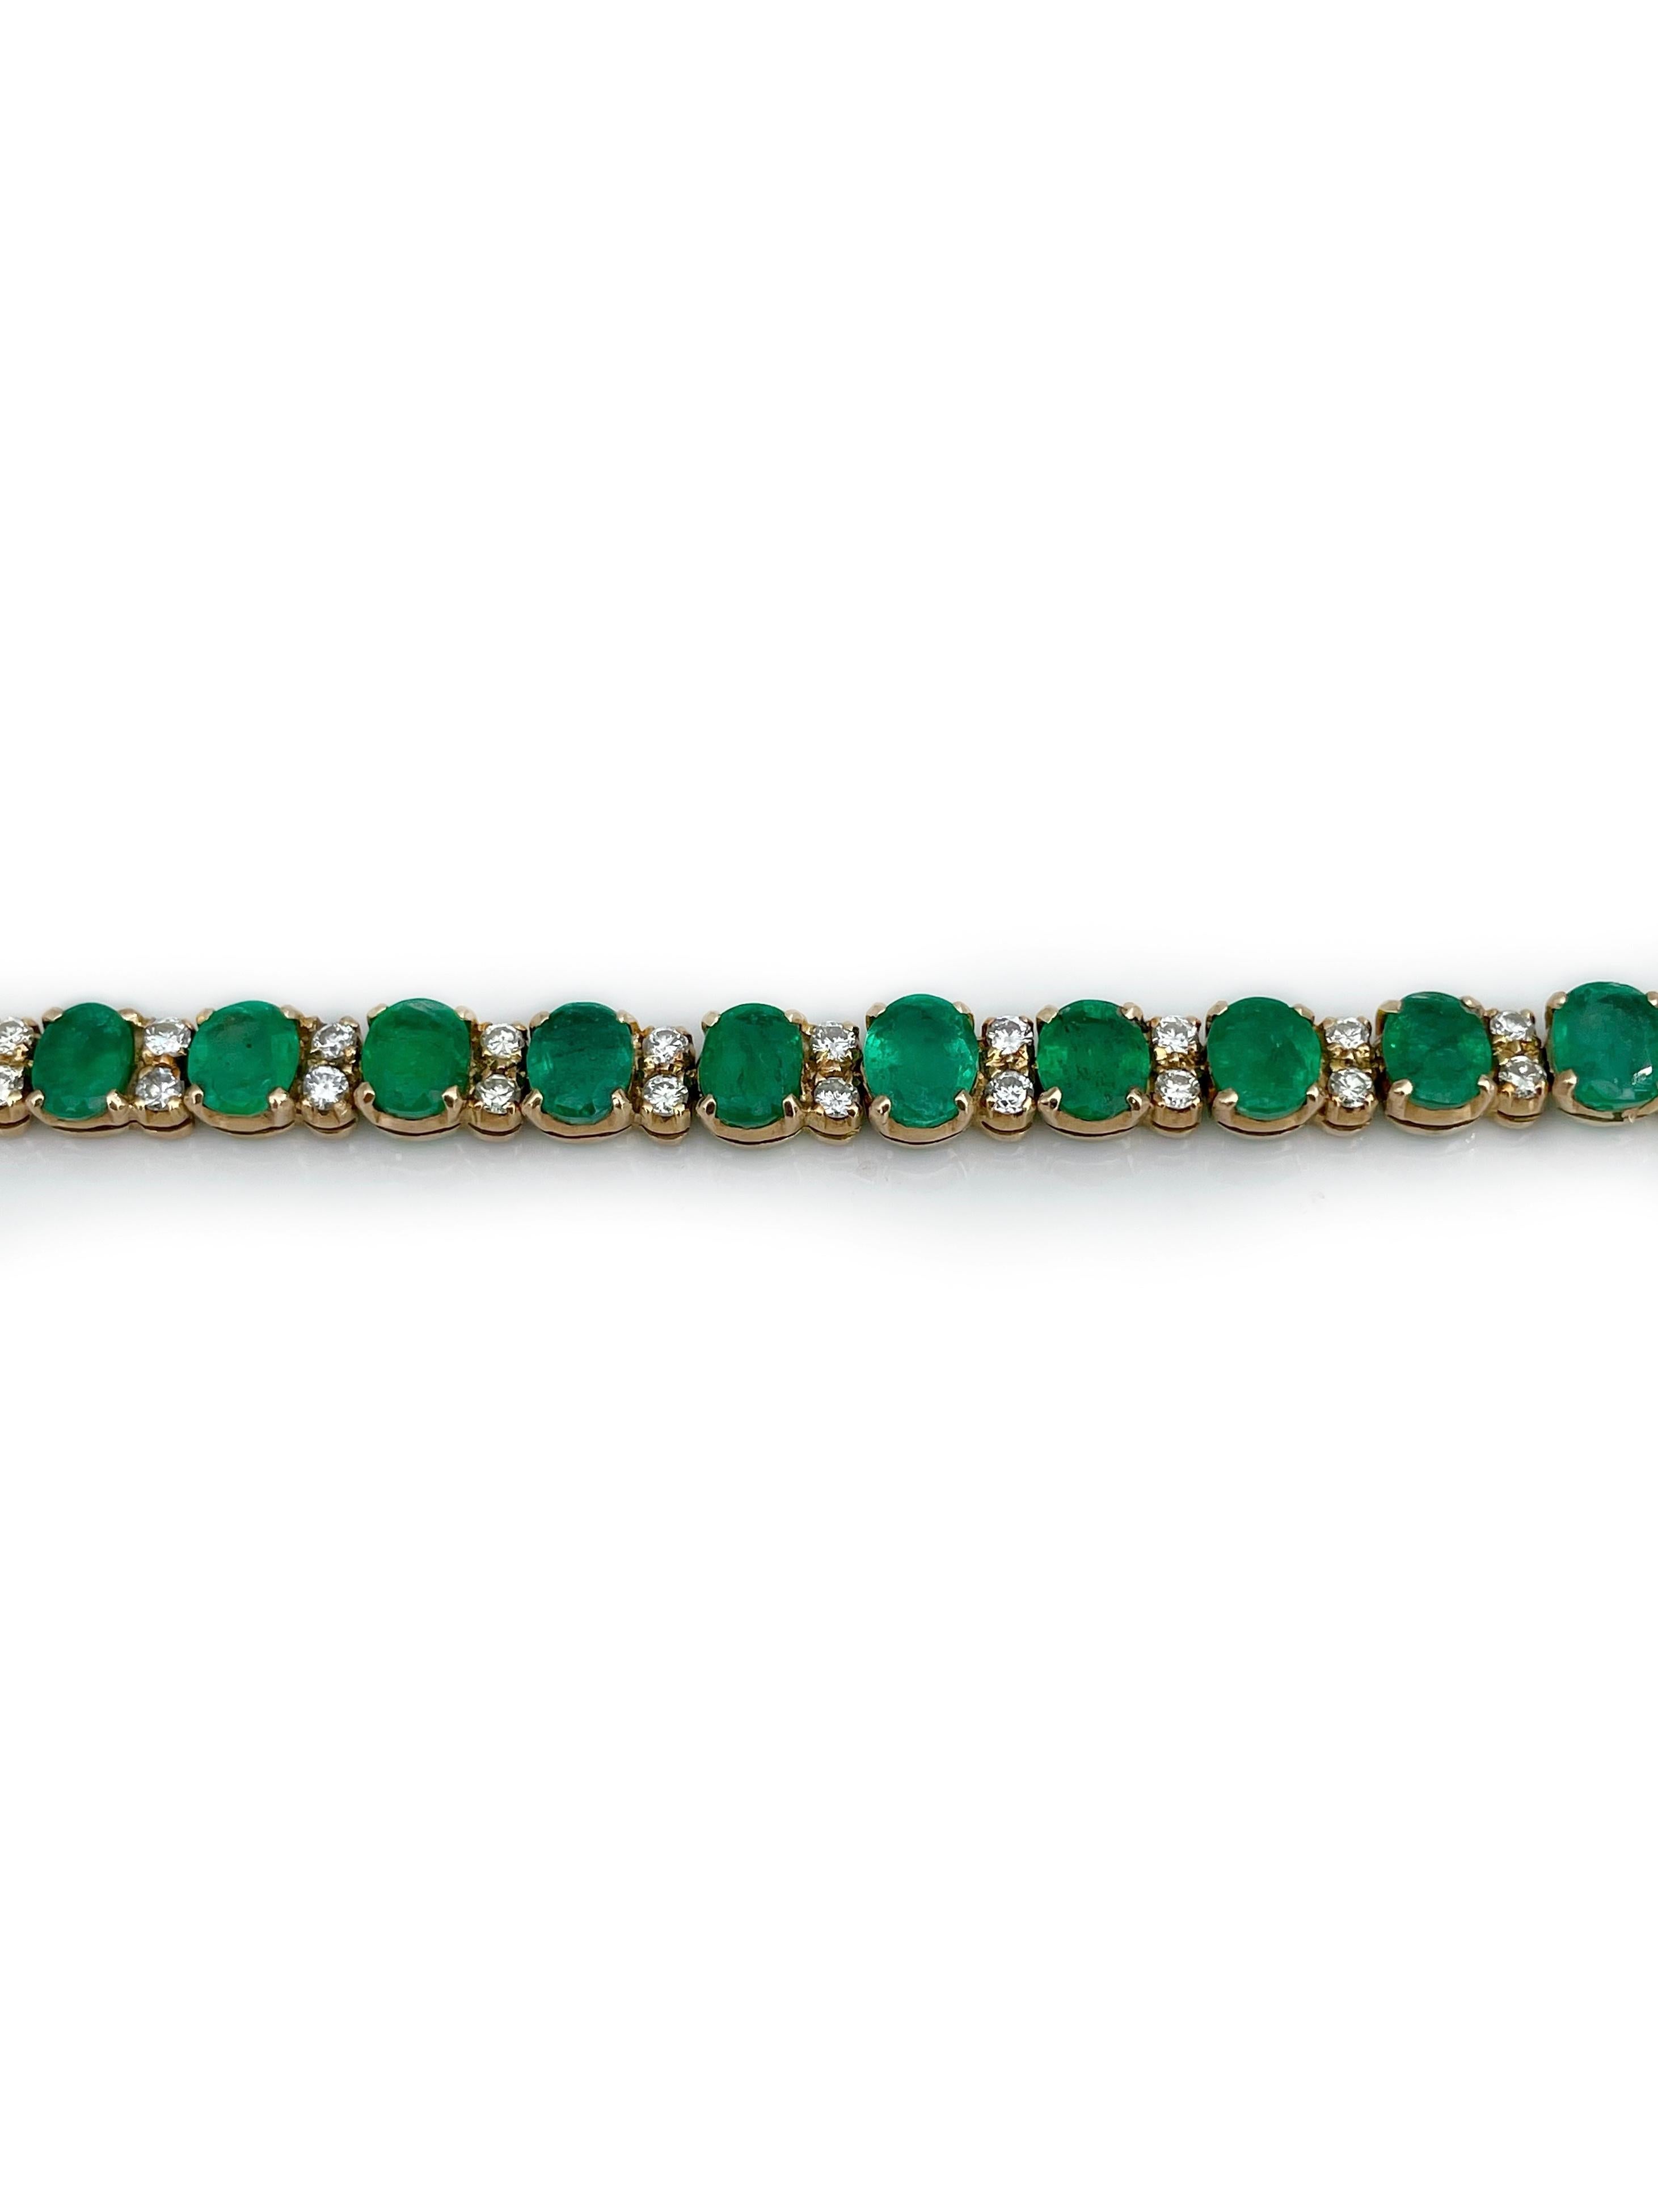 This is an amazing vintage tennis bracelet crafted in 18K yellow gold. The piece features:
- 33 oval cut emeralds: TW 5.80ct, vslbG 5/4, SI-P1
- 66 round brilliant cut diamonds: TW 0.45ct, RW-W, VS-SI

Has a safe closure. 

Weight: 8.31g
Length:

# EXERCISE REQUIREMENTS
Please provide a faithful transcription of all the data, pictures excluded.

# ANSWER AREA
 This is an amazing vintage tennis bracelet crafted in 18K yellow gold. The piece features:
- 33 oval cut emeralds: TW 5.80ct, vslbG 5/4, SI-P1
- 66 round brilliant cut diamonds: TW 0.45ct, RW-W, VS-SI

Has a safe closure. 

Weight: 8.31g
Length:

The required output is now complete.